Opinie i wydarzenia
Tusk: Heroiczna obrona Ukrainy jest heroiczną obroną całego świata
Prezydent Ukrainy i polski premier spotkali się w KPRM, gdzie podpisali porozumienie o współpracy w dziedzinie bezpieczeństwa między Rzeczpospolitą i Ukrainą. Następująca po tym konferencja rozpoczęła się minutą ciszy w związku ze zmasowanym rosyjskim atakiem na Ukrainę, w tym szpital dziecięcy w Kijowie. - Nie ma dnia, nie ma nocy, żeby w Ukrainie nie ginęli niewinni ludzie - powiedział Donald Tusk . - Nie ma takich deklaracji politycznych, które by wystarczyły jako słowa potępienia dla agresora, które by wystarczyły jako oznaki solidarności i pomocy - dodał. Szef polskiego rządu podkreślił, że wszystkie słowa w podpisanym dokumencie "dla nas coś znaczą". - Z tych słów będą praktyczne konsekwencje - dodał. Podkreślił, że są one "wzajemnym zobowiązaniem, a nie pustymi obietnicami". Donald Tusk tłumaczył, że jeżeli wojna w Ukrainie zakończy się źle, to "zakończyłaby się źle dla Polski, Europy, całego świata". - Heroiczna obrona Ukrainy jest heroiczną obroną całego świata - dodał. Jednocześnie premier obiecał, że Polska będzie namawiać swoich sojuszników "aby droga dojścia do UE i NATO była dla Ukrainy jak najszybsza". W czasie konferencji Tusk zapewnił, że tak długo, jak Ukraińcy w Polsce "będą potrzebowali pomocy, będą się czuli tutaj, w naszym kraju, jak w domu". O rozmowach Viktora Orbana z Władimirem Putina Tusk powiedział, że "historia pamięta polityków, którzy działali w imieniu kapitulacji". - Nie ma mowy kapitulacji, a pokój nie będzie zapisywany w tajemniczych rozmowach na Kremlu - powiedział szef polskiego rządu zwracając się bezpośrednio do premiera Węgier.

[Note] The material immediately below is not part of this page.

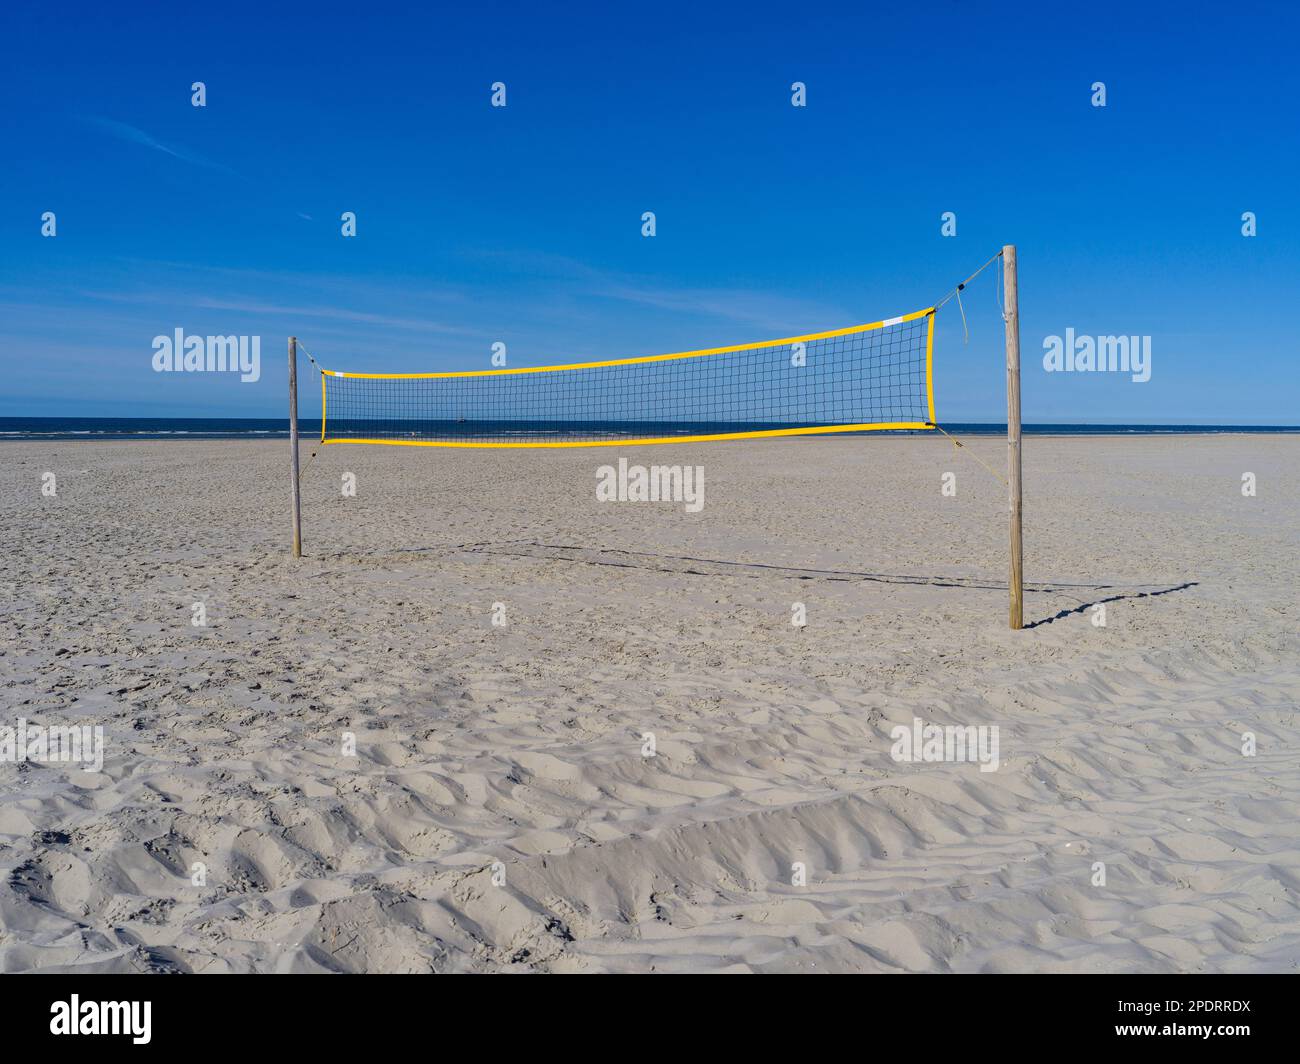 Volleyballnetz an einem menschenleeren Strand auf der Insel Juist, Deutschland Foto Stock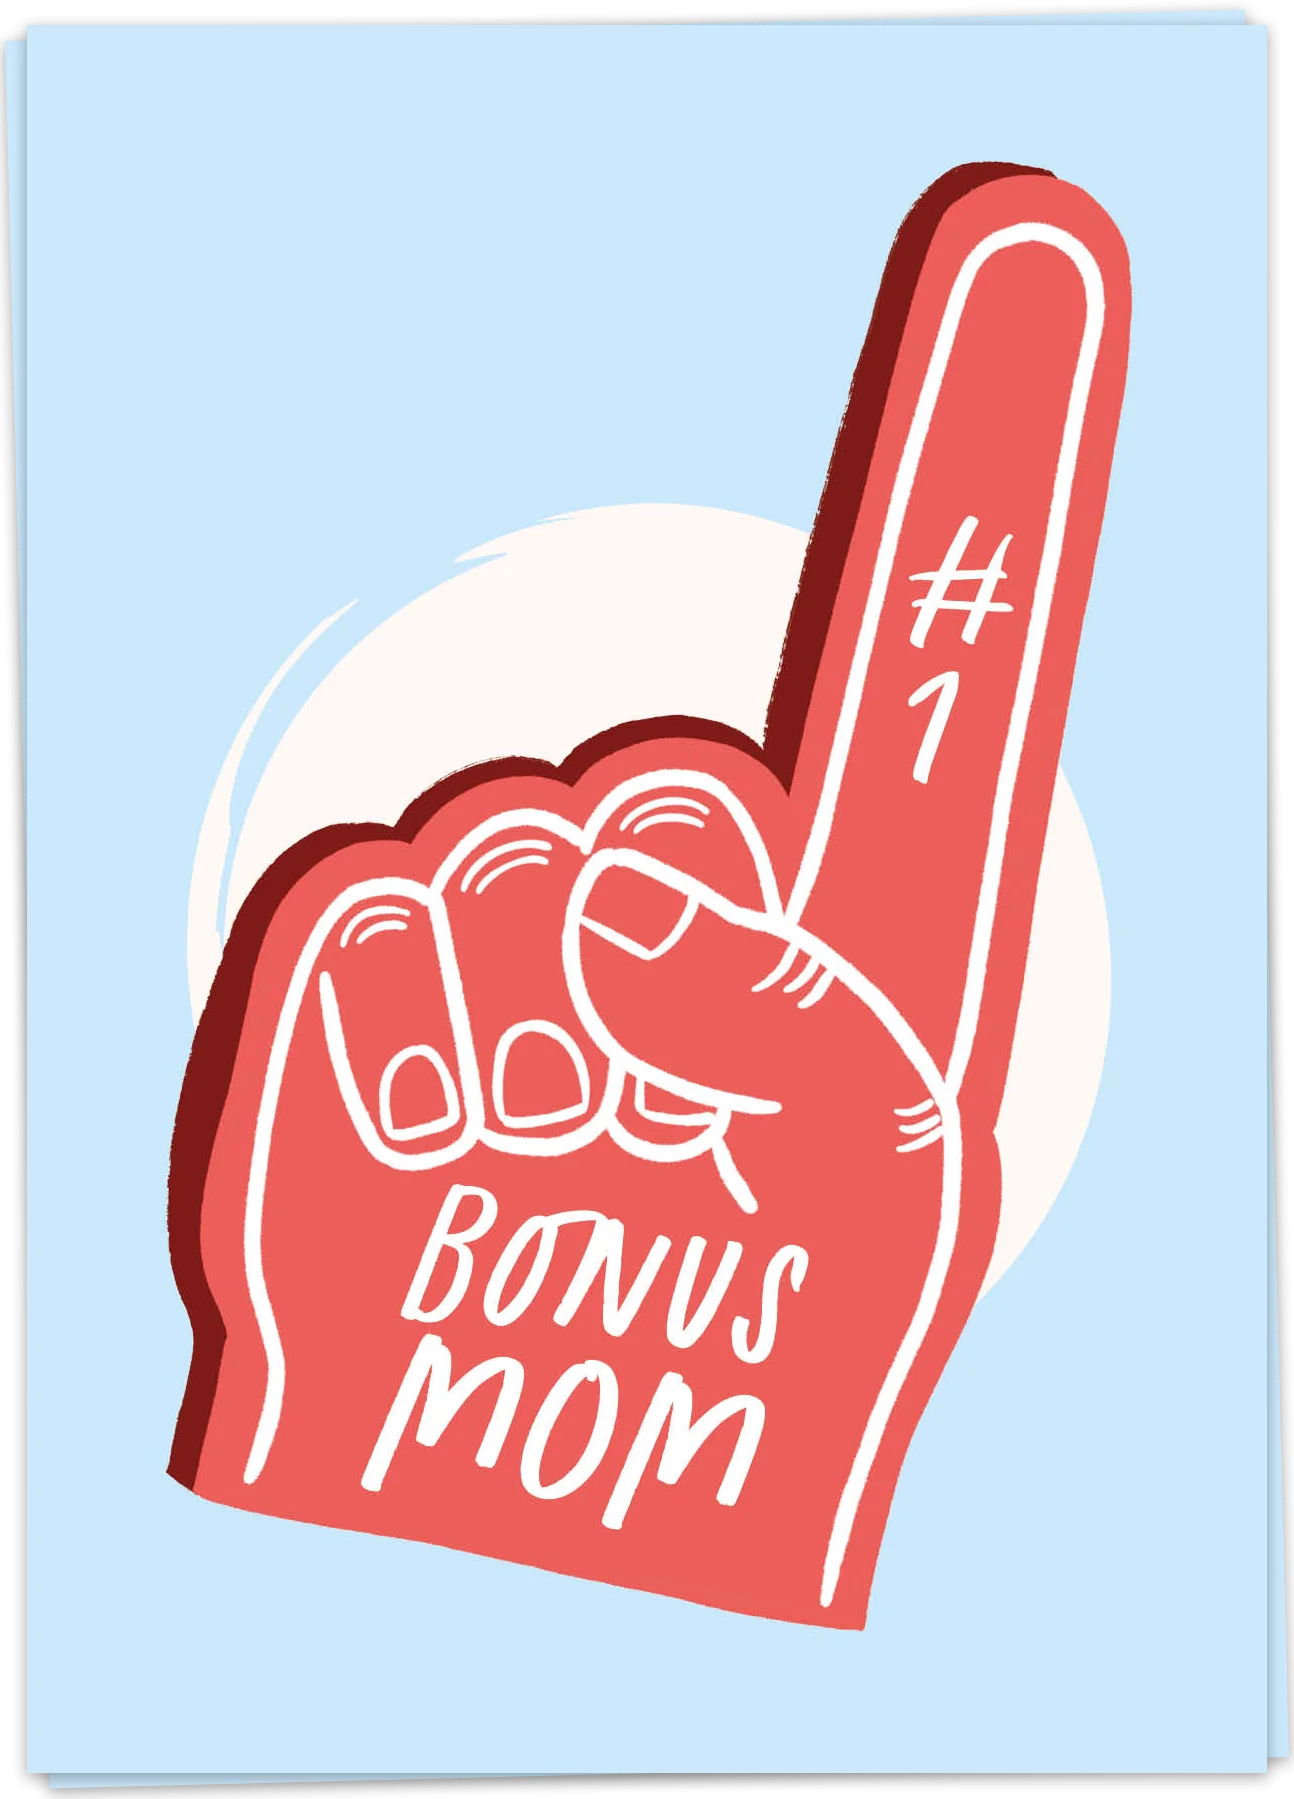 Number one bonus mom

Wołodymyr Zełenski dziękował za polskie wsparcie. Wcześniej prezydent Ukrainy odniósł się do poniedziałkowych ataków na miasta w Ukrainie przeprowadzonych przez Rosjan. - Uderzono też w jeden z najważniejszych naszych szpitali - mówił. Zdaniem Zełenskiego porozumienie między Polską a Ukrainą "pomoże chronić obywateli i przeciwdziałać rosyjskiemu złu". - Mam nadzieję, że tym razem oba nasze narody oprą się tym atakom i obronią niepodległość naszych krajów - podkreślił. Mówił także, że "od szczytu NATO oczekuje podjęcia konkretnych kroków".